Greg Abbott Invoked Mental Illness After the El Paso Shooting. Where Is Evidence?

Greg Abbott Invoked Mental Illness After the El Paso Shooting. Where Is Evidence?

Hours after a white gunman walked into an El Paso Walmart on Saturday and killed nearly two dozen Hispanic shoppers, Texas Gov. Greg Abbott addressed a room full of reporters in the border city and expressed grief and support for the community.

As high-profile mass shootings continue to erupt across the country — three of which occurred in Texas in the last two years — a reporter asked the governor what he planned on doing to ensure one doesn’t happen again.

Abbott, a Republican, hesitated, then spoke at length about how the state Legislature reacted to the 2018 high school shooting in Santa Fe, eventually focusing on what he said was the most agreed-upon need: addressing mental health issues.

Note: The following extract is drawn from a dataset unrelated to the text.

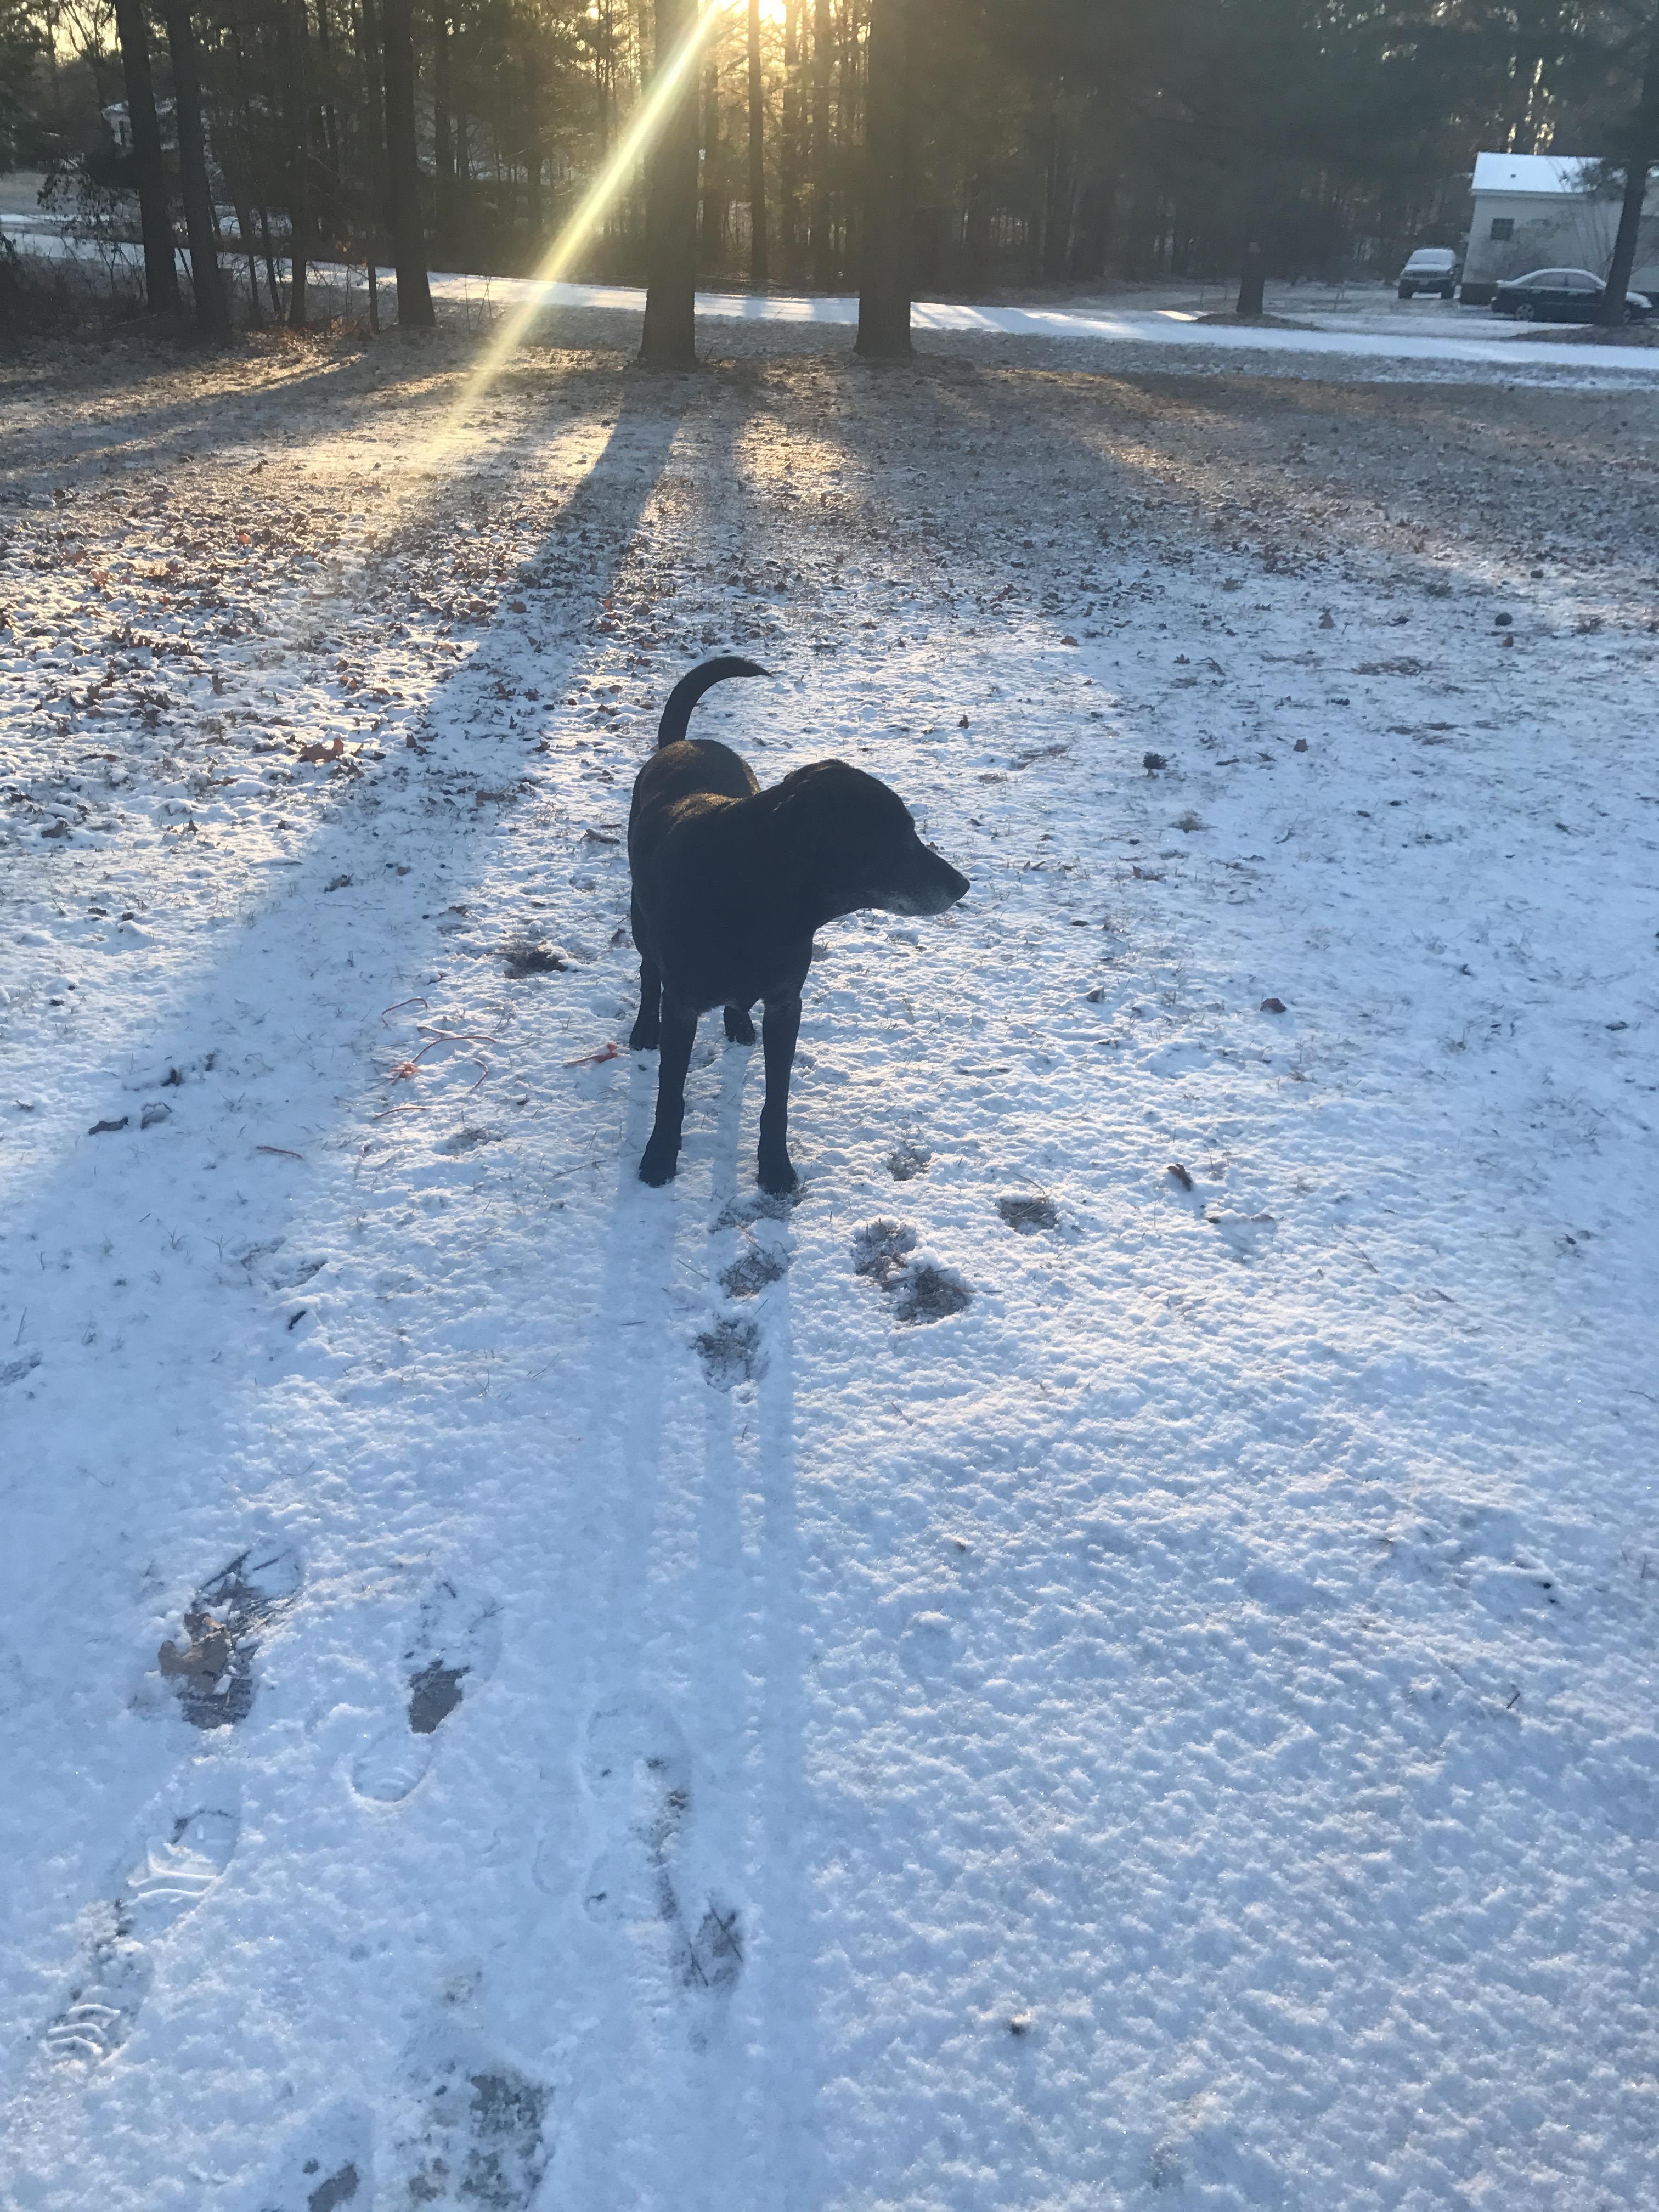 "<div class=""meta image-caption""><div class=""origin-logo origin-image wtvd""><span>WTVD</span></div><span class=""caption-text"">Lab playing in snow saying hi from lovingpaws dog boarding/walking in Garner. (Sarah - ABC11 Eyewitness)</span></div>"

“Bottom line is mental health is a large contributor to any type of violence or shooting violence, and the state of Texas this past session passed a lot of legislation and provided funding for the state to better address that challenge,” he concluded, referring to bills aimed at improving children’s mental health care.

Behind him, U.S. Rep. Veronica Escobar, a Democrat from El Paso, visibly stiffened, shaking her head slightly as Abbott connected mental illness to what appears to be an act of domestic terrorism fueled by a white supremacist ideology.

The next day, before a downtown El Paso vigil for the victims, she put into words what had been apparent on her face.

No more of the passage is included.